#### Recorded information
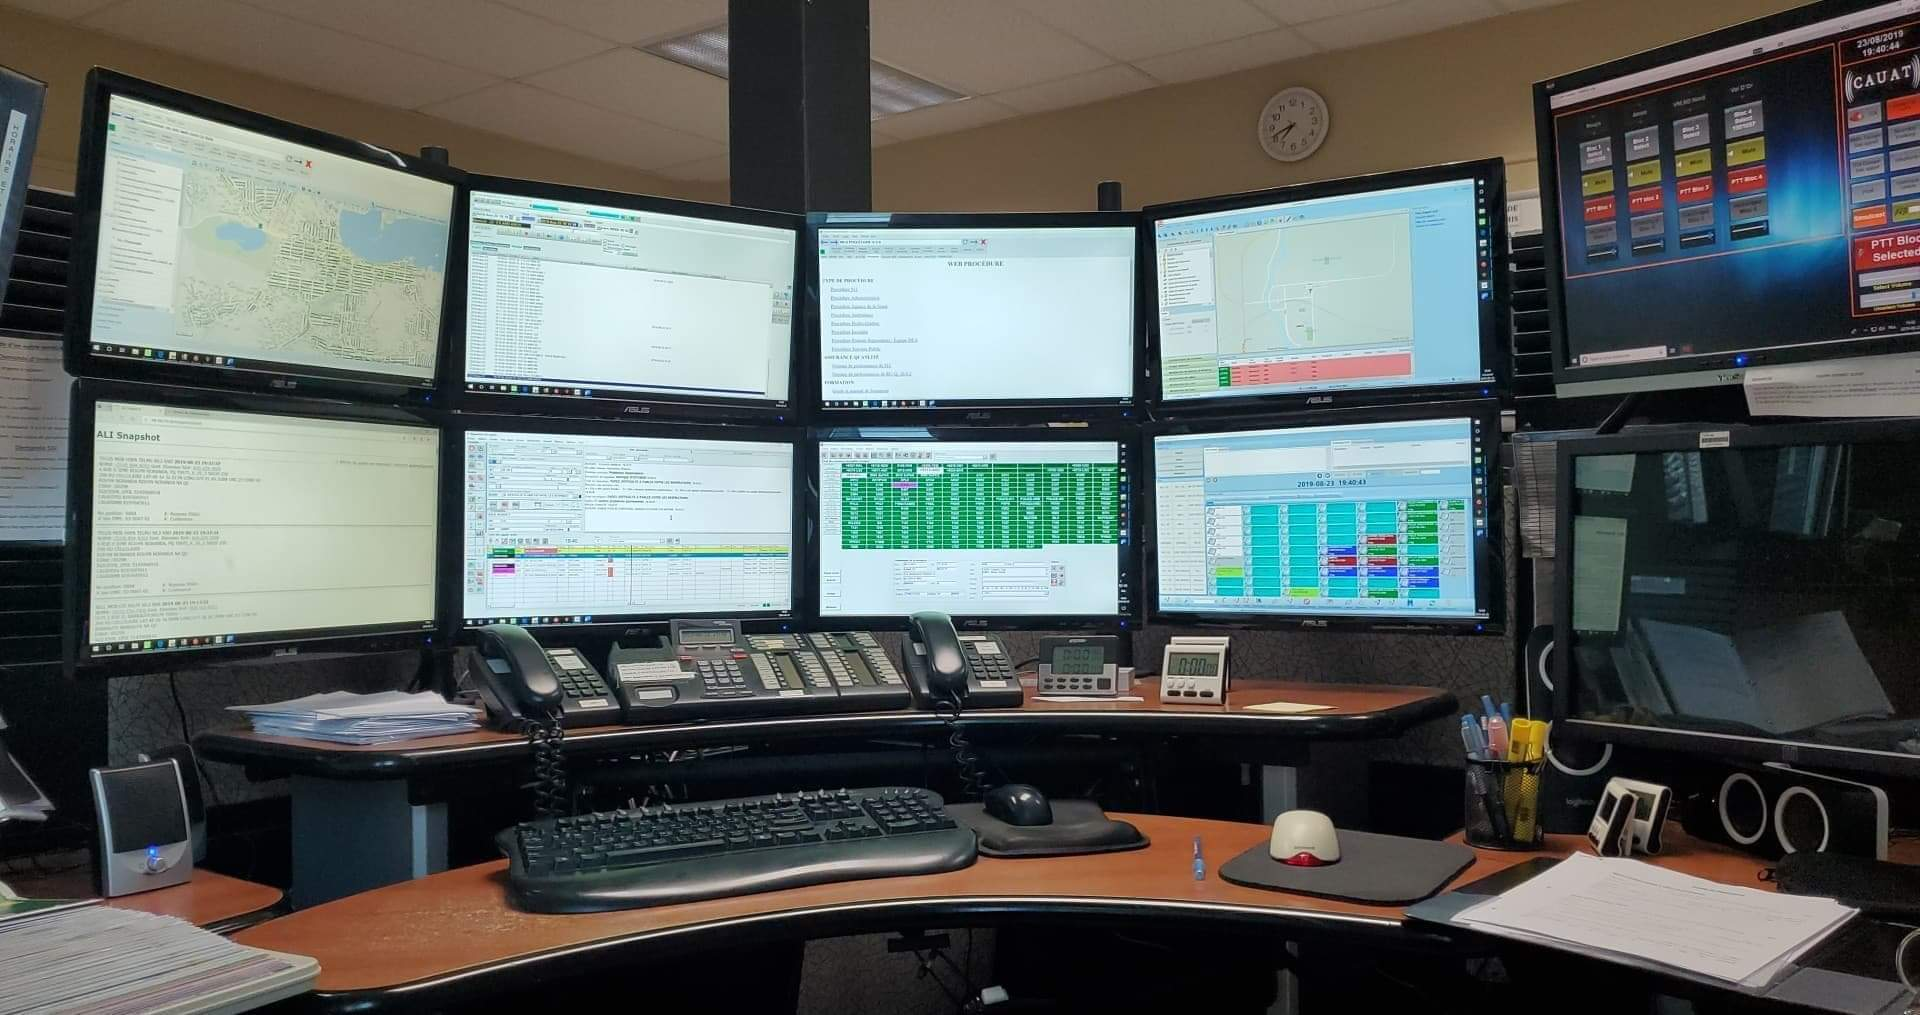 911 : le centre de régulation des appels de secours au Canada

...

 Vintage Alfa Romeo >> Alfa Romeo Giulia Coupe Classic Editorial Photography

...

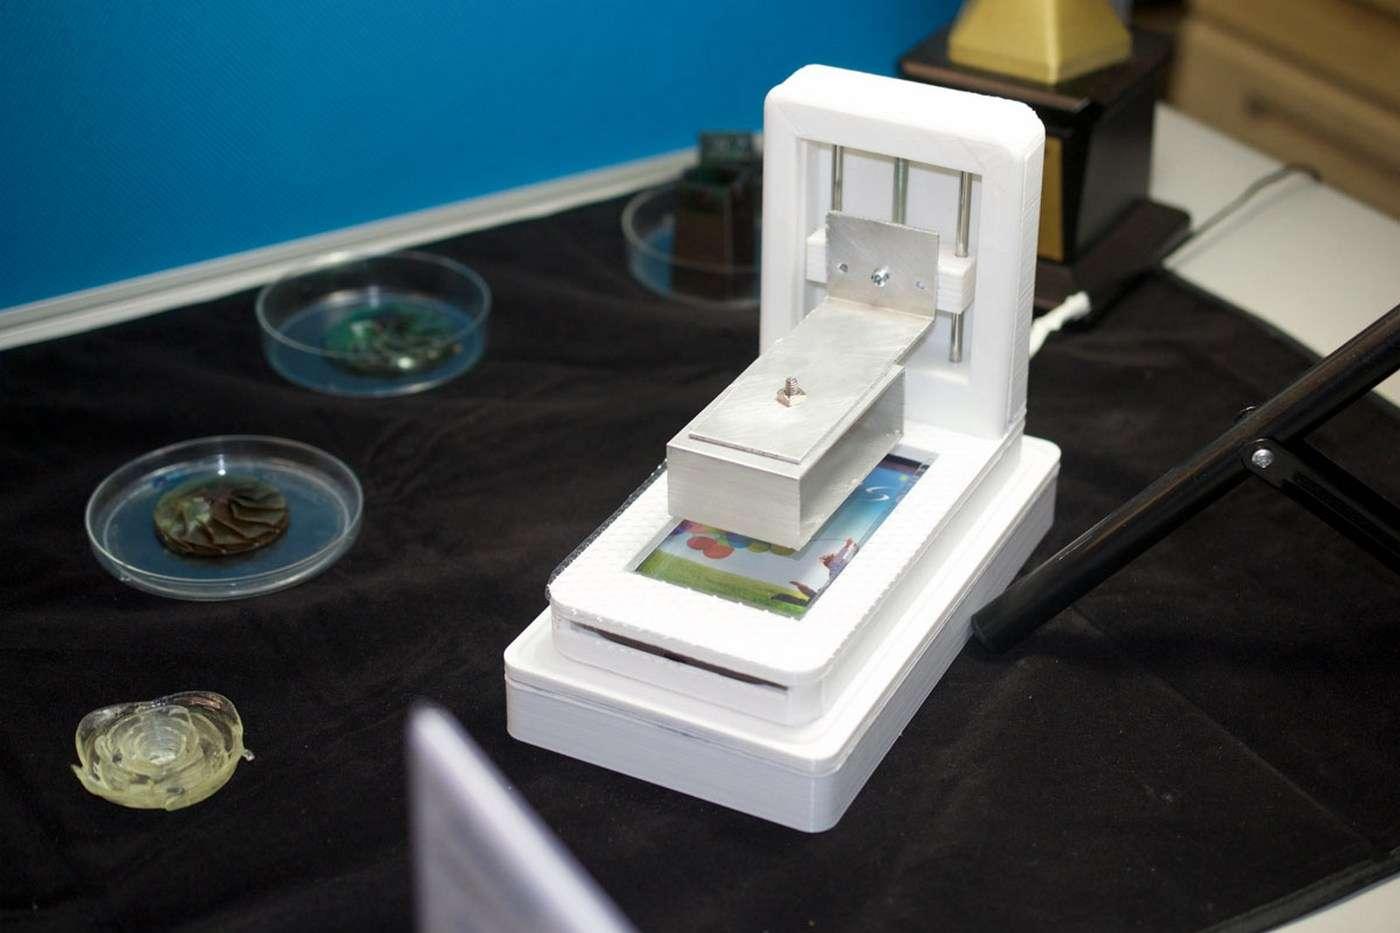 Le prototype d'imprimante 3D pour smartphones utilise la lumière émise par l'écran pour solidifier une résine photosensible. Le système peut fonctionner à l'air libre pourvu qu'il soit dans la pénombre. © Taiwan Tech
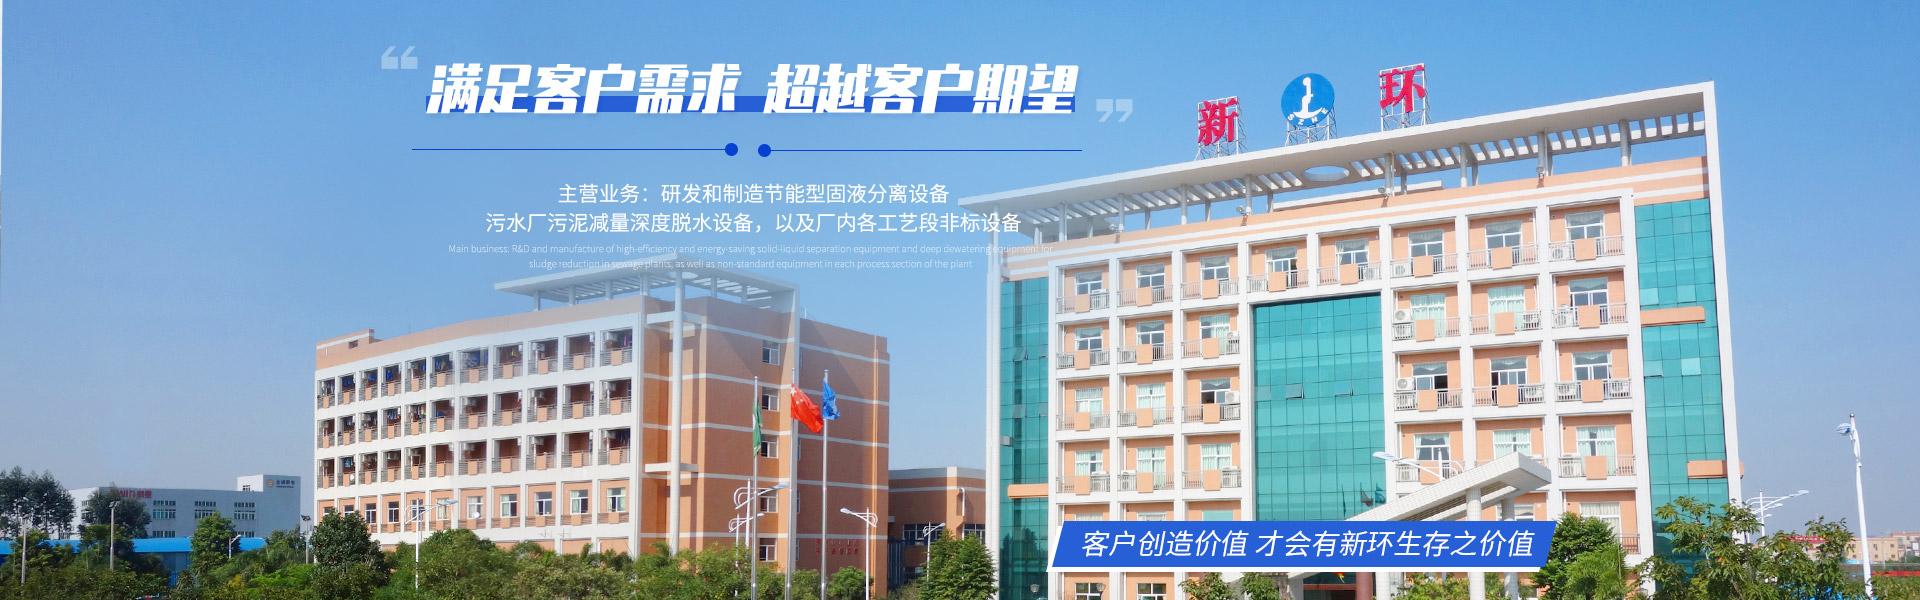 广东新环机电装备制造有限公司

#### Problem to solve
Everything from the line above that contains "Le prototype d'imprimante" down to the line that contains "广东新环机电装备制造有限公司" must be reproduced exactly, both ends included. Omit the pictures.

#### Result
 Le prototype d'imprimante 3D pour smartphones utilise la lumière émise par l'écran pour solidifier une résine photosensible. Le système peut fonctionner à l'air libre pourvu qu'il soit dans la pénombre. © Taiwan Tech
 广东新环机电装备制造有限公司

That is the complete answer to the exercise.